Damian Green casts fresh doubt over Tory-DUP deal
Damian Green has suggested that a deal between the Conservatives and the DUP that would keep Theresa May in power may not be reached.
The First Secretary of State - effectively the Prime Minister's second in command - said it was possible the two sides “won’t be able to agree”.
Mrs May has been in talks to strike a so-called ‘confidence and supply’ arrangement with the DUP after she lost her majority at the general election last week.
Any such deal would see the 10 DUP MPs vote with the Tories on key legislative items in exchange for sweeteners such as funding boosts for Northern Ireland.
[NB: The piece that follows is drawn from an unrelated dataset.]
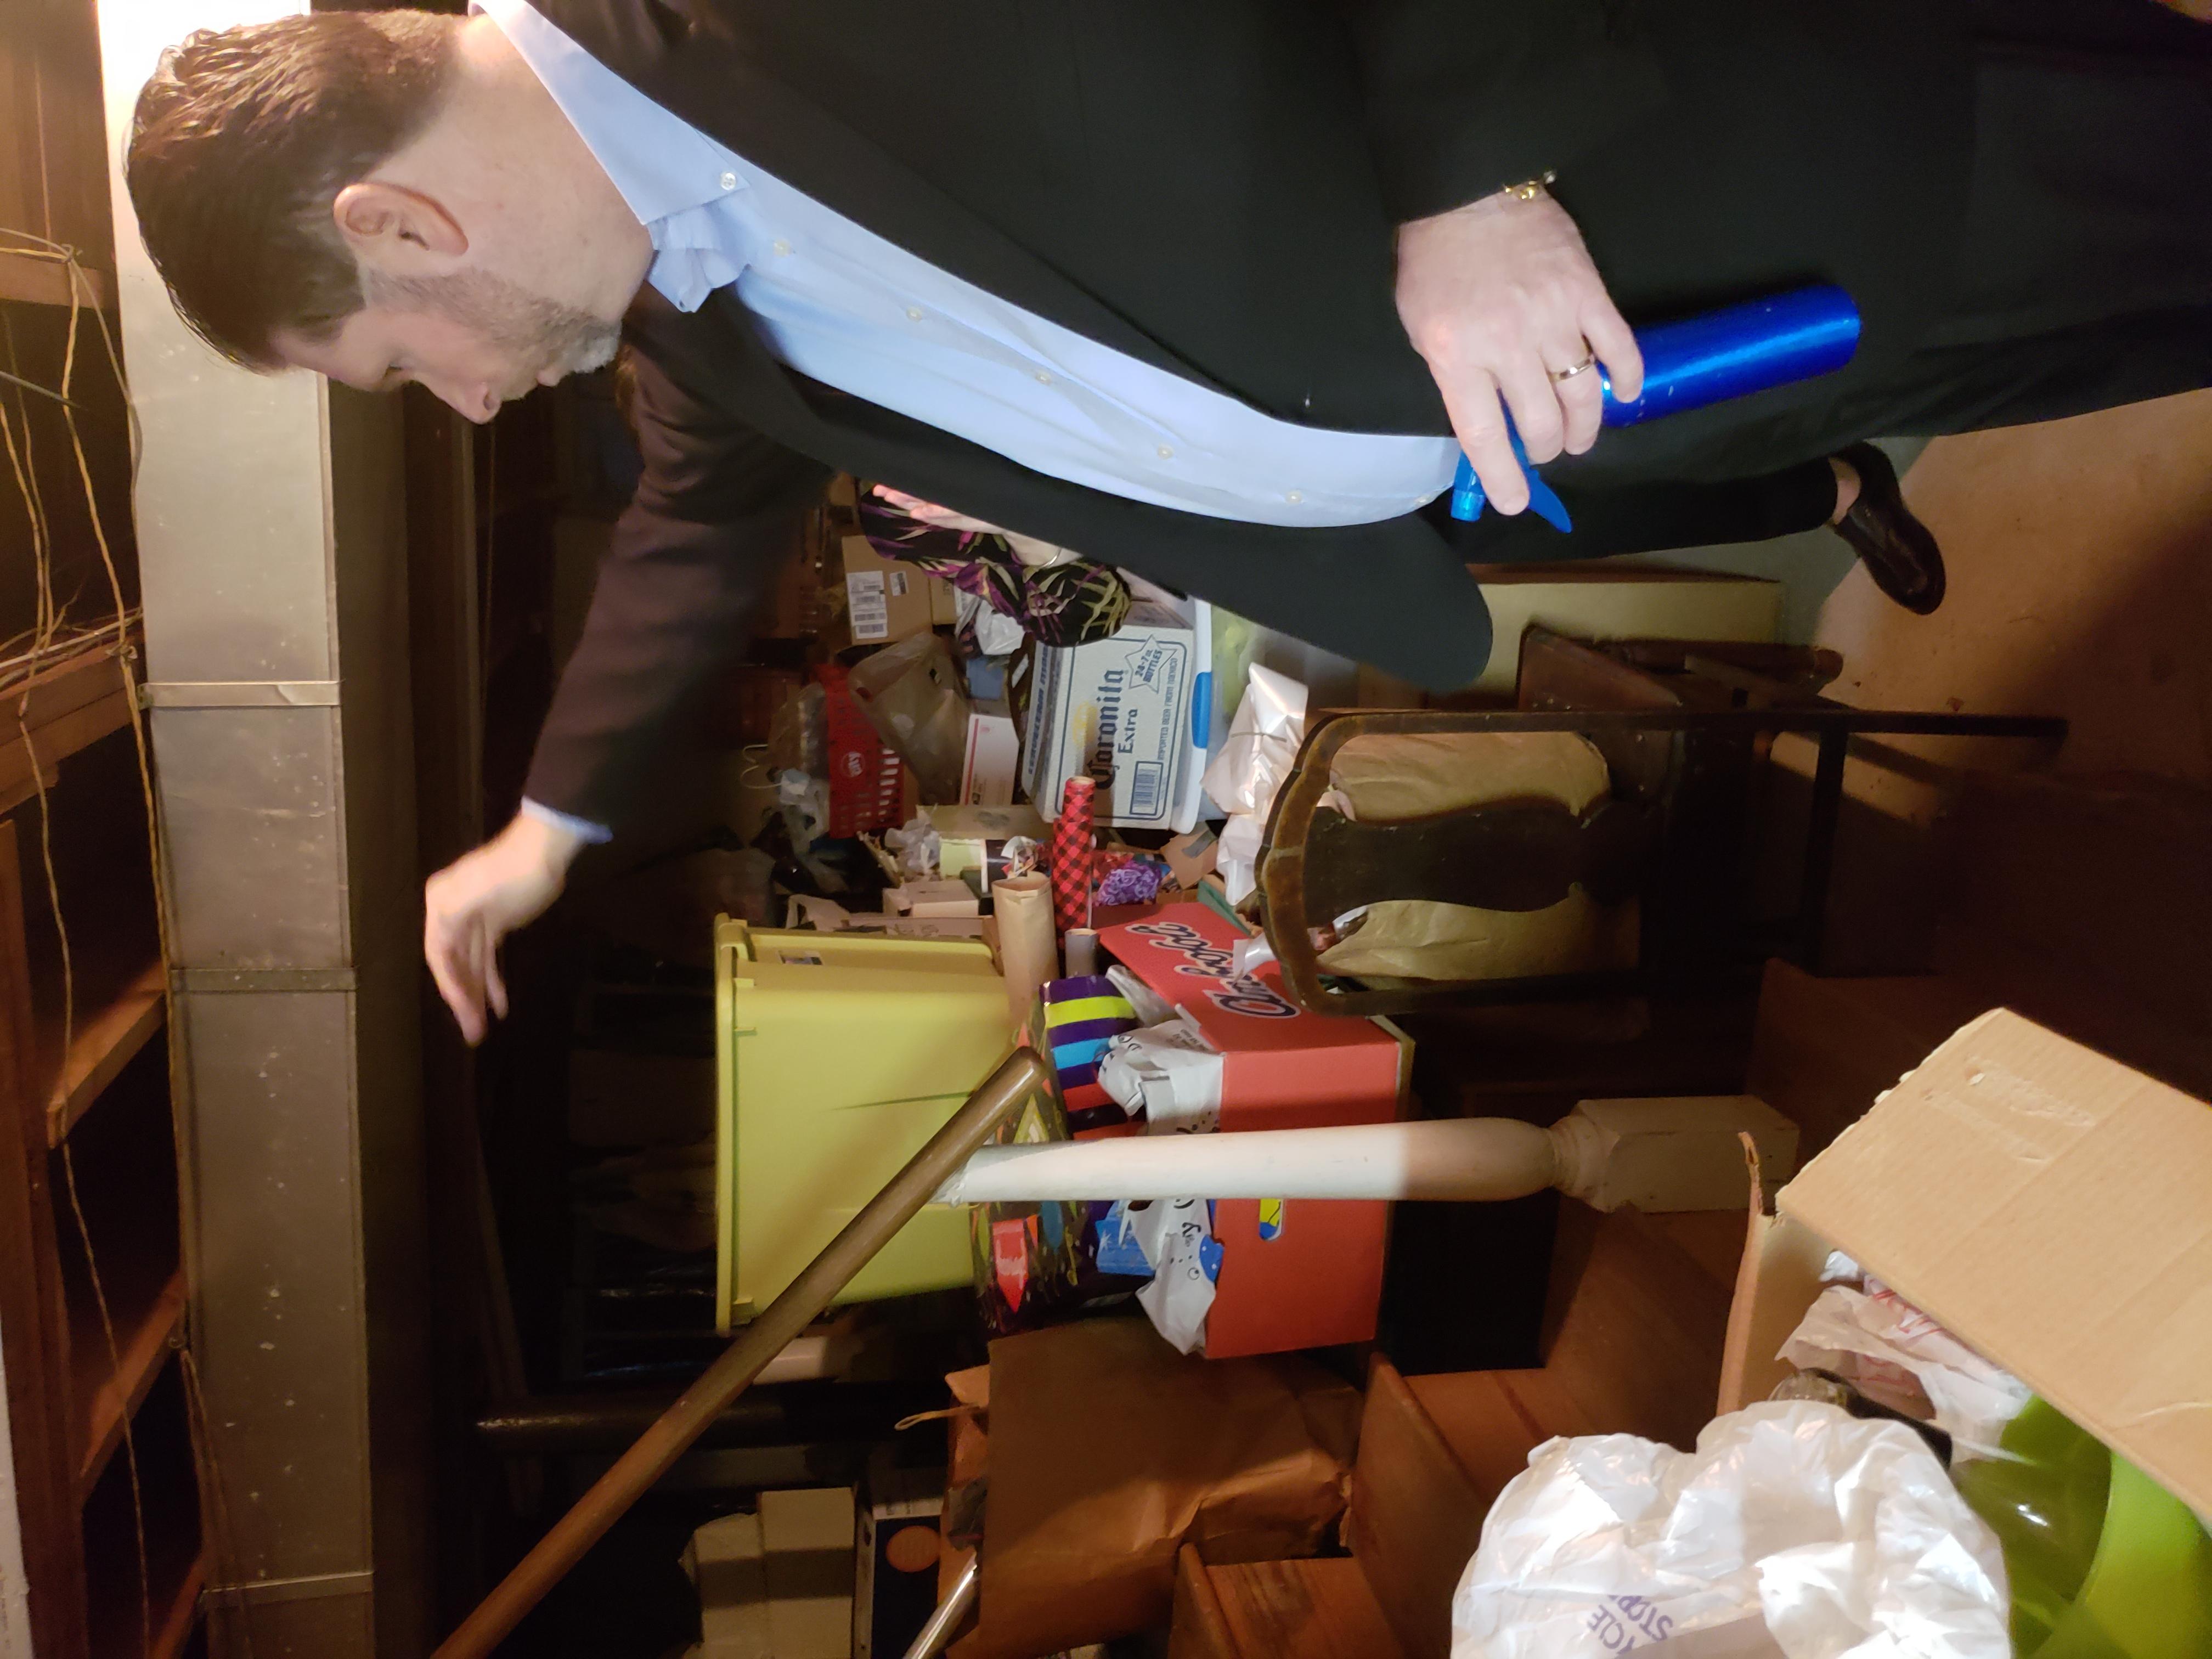 Bill in basement-battle begins
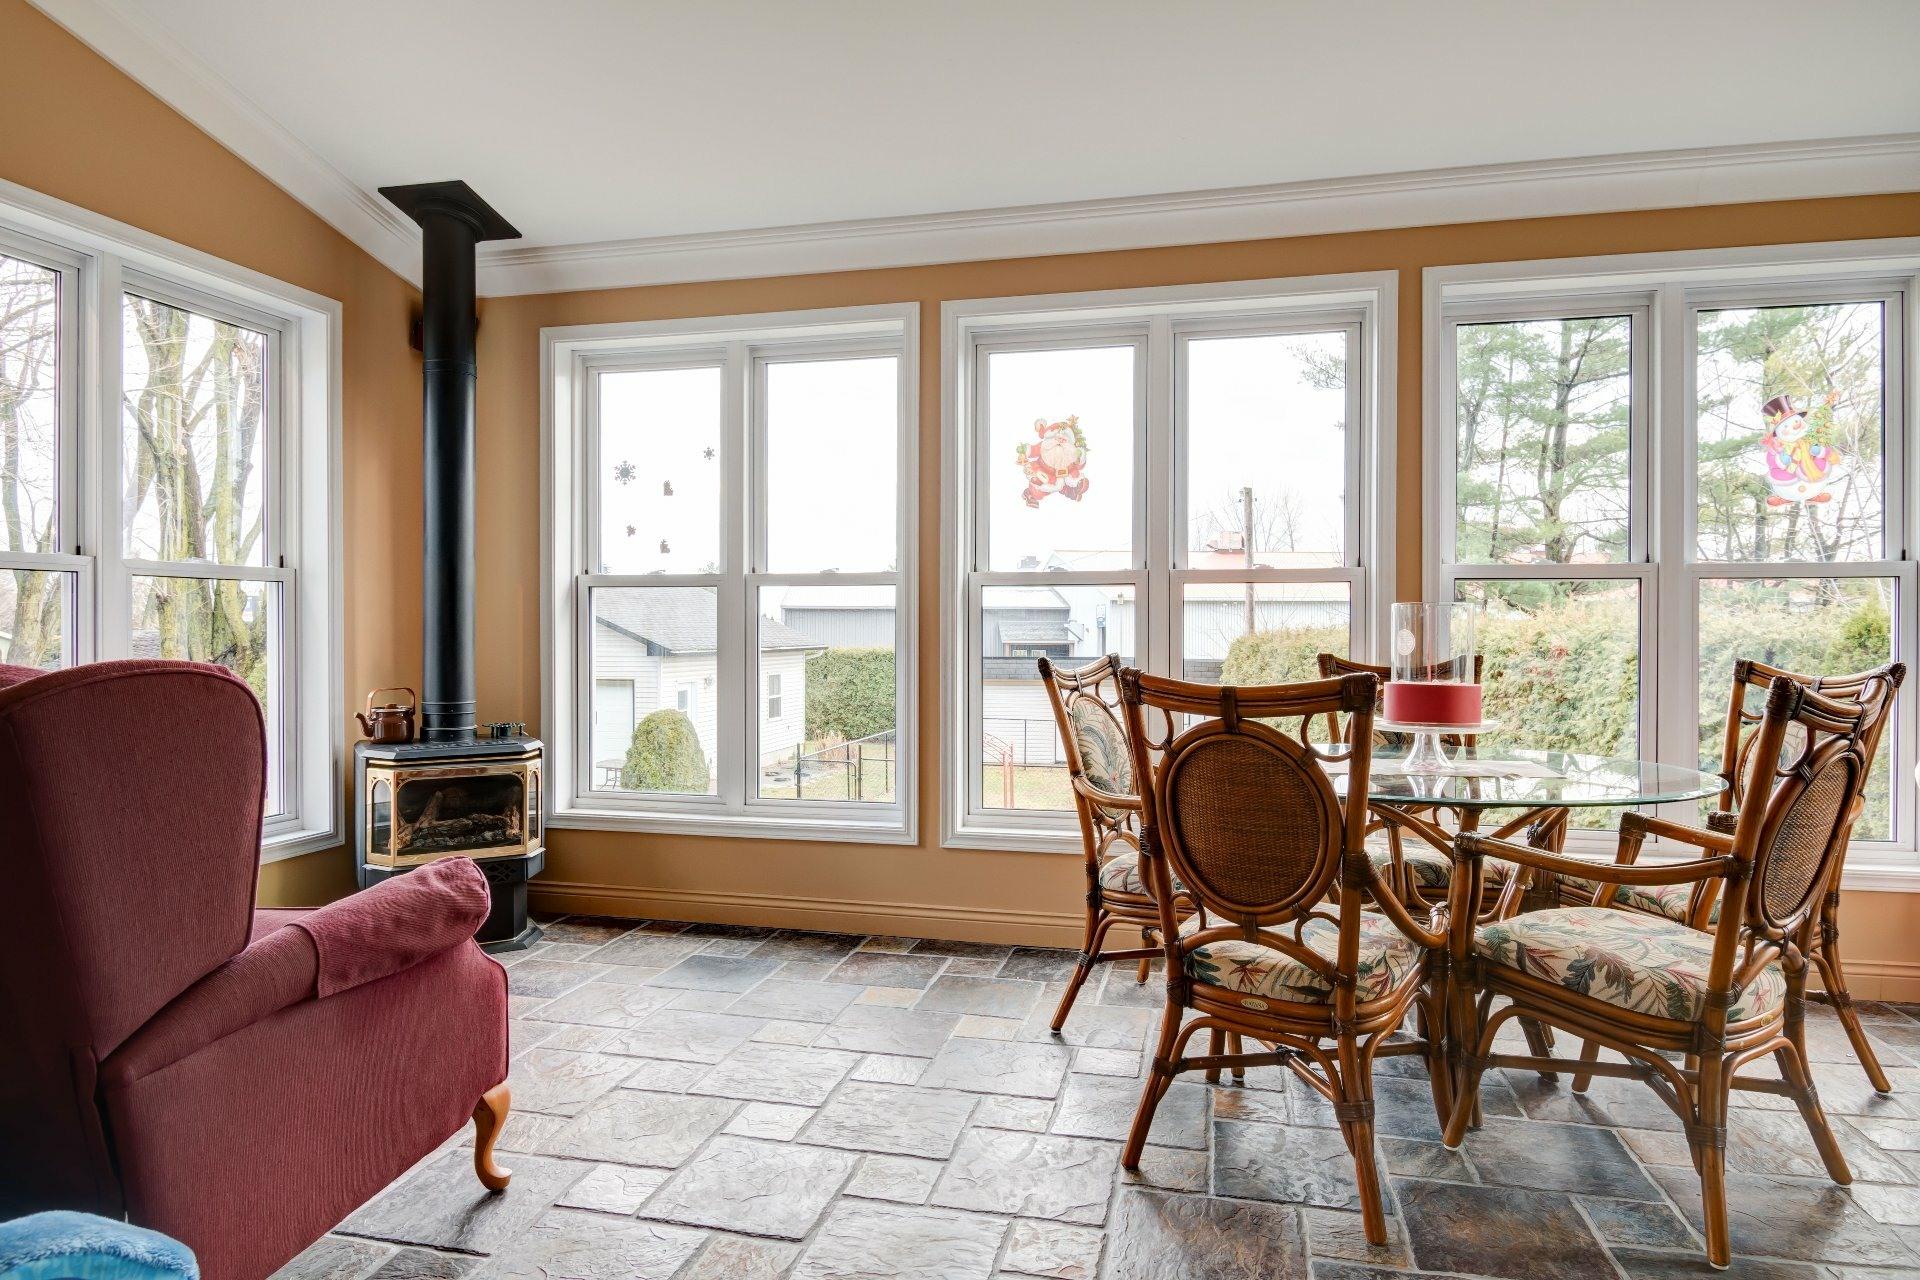 image 6 - Maison À vendre Trois-Rivières - 15 pièces

Downing Street originally suggested a deal would be imminent after Mrs May launched negotiations immediately after the election - but the two parties failed to hammer out an agreement ahead of the Queen’s Speech.
Mr Green put a further question mark over the deal this morning when asked if an arrangement was still possible.
"There is still the possibility, there is every possibility of a DUP deal. The talks have been taking place in a constructive way,” he told the Today programme.
"Clearly [we are] two political parties, we have some differences but we have a lot in common."
Mr Green’s comments come after the DUP hinted yesterday that the talks had stalled.
A party source said: "Negotiations haven't proceeded in a way that the DUP would have expected."
The source added that the DUP “can’t be taken for granted” and urged the Government to give the talks “greater focus”.
The lack of a deal after a week of negotiations marks a fresh headache for the Prime Minister, who was already forced to delay the Queen’s Speech by two days as the wrangling stretched on.
According to the BBC Downing Street remains hopeful that a deal could be done by Thursday - a claim the Northern Irish unionists dismissed.
It means Mrs May will be unveiling the Queen’s Speech as a minority government and has until next Tuesday and Wednesday until crucial votes on the Government’s legislative programme to settle an arrangement.
If she loses any of the votes it would be an effective vote of no confidence which could throw the already deeply unstable Government into turmoil.